Friday, August 12, 2011

Liturgical Renewal as one dish on the Table

One useful way to describe the liturgical orientation of the various denominations might be to place them on a spectrum running from those whose use of editio typica is mandated by their tradition through those who have published liturgical texts the use of which is effectively optional and on to those whose tradition is actively hostile to the use of written forms of prayer. In the current issue of Liturgy, Karen Westerfield Tucker discusses the uncertainty attendant upon residing in the middle of that spectrum.

Her historical survey of worship in North American Methodist, states that from the 1990s until the present day, those who plan and lead worship in the churches of the Methodist/Wesleyan tradition have had available to them

a virtual smorgasbord of liturgical options—and local congregations happily sampled one or more. Although the authorized worship books of the United Methodist Church and the United Church of Canada showed the direct influence of the liturgical renewal movement, and many congregations utilized texts from those books in full or in part, Methodists also continued to exercise the long-standing option not to use the official materials. For some congregations, Sunday morning worship changed very little from what it was in the 1950s. In some of these places and in others, the music-driven and informal contemporary and praise and worship styles started to take hold and usually appeared as an alternative to the traditional service held at the main worship hour. These contemporary services were principally designed to appeal to the unchurched by offering something contrary to the usual expectations of church: they were informal, used few churchly accoutrements, focused on an engaging and relevant message, and employed music drawn from styles popular to the target constituency. It is ironic that, given the identifier contemporary, this style of worship, for Methodists, was far more traditional, for in fact it resembled conceptually the worship practices of the early Methodist movement.
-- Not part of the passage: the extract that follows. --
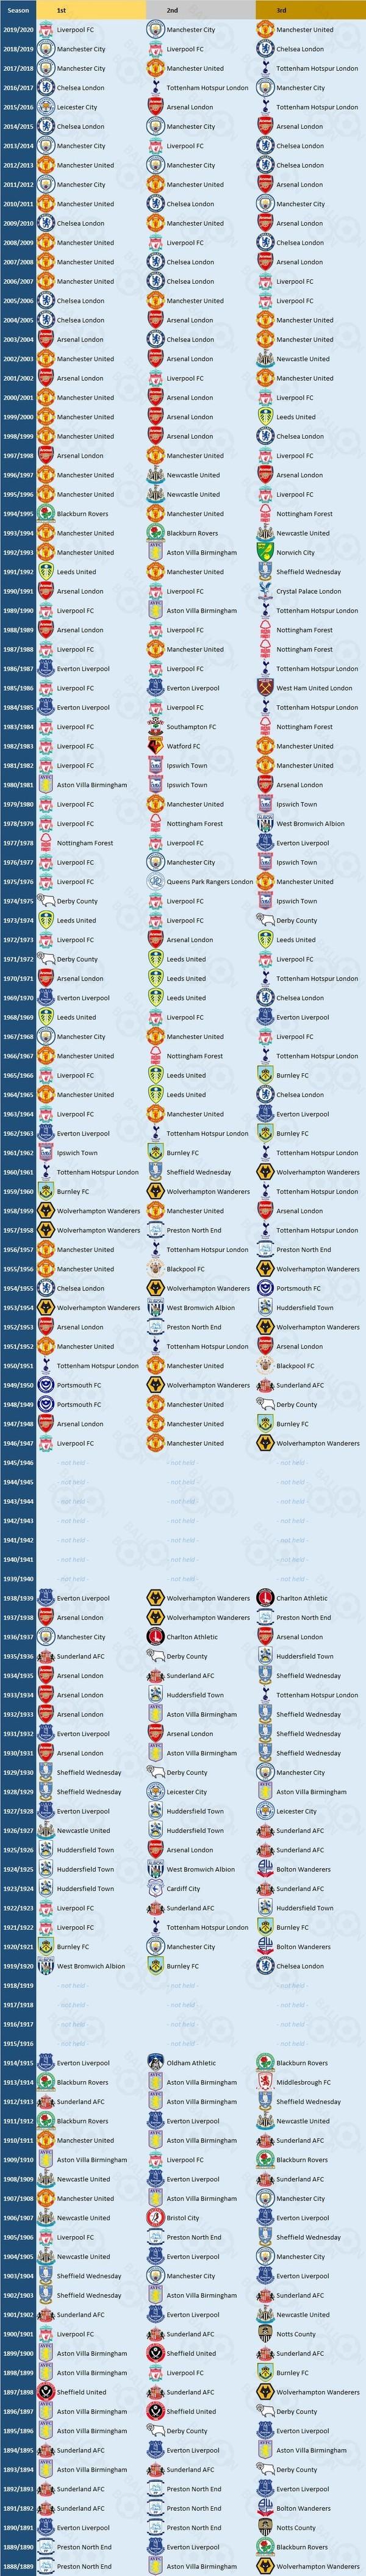 Medaliści Mistrzostw Anglii w piłce nożnej na przestrzeni lat

What are the strengths and weaknesses of a polity which provides denominationally sanctioned liturgical texts to its congregations, but simultaneously leaves the choice of whether or not to use those texts up to the judgment of the local congregation?

North American Methodism's Engagement with Liturgical Renewal, Liturgy, 26:4, 62

Karen Westerfield Tucker is professor of worship at Boston University School of Theology and President of Societas Liturgica. She is the author of many books, most recently American Methodist Worship (Religion in America).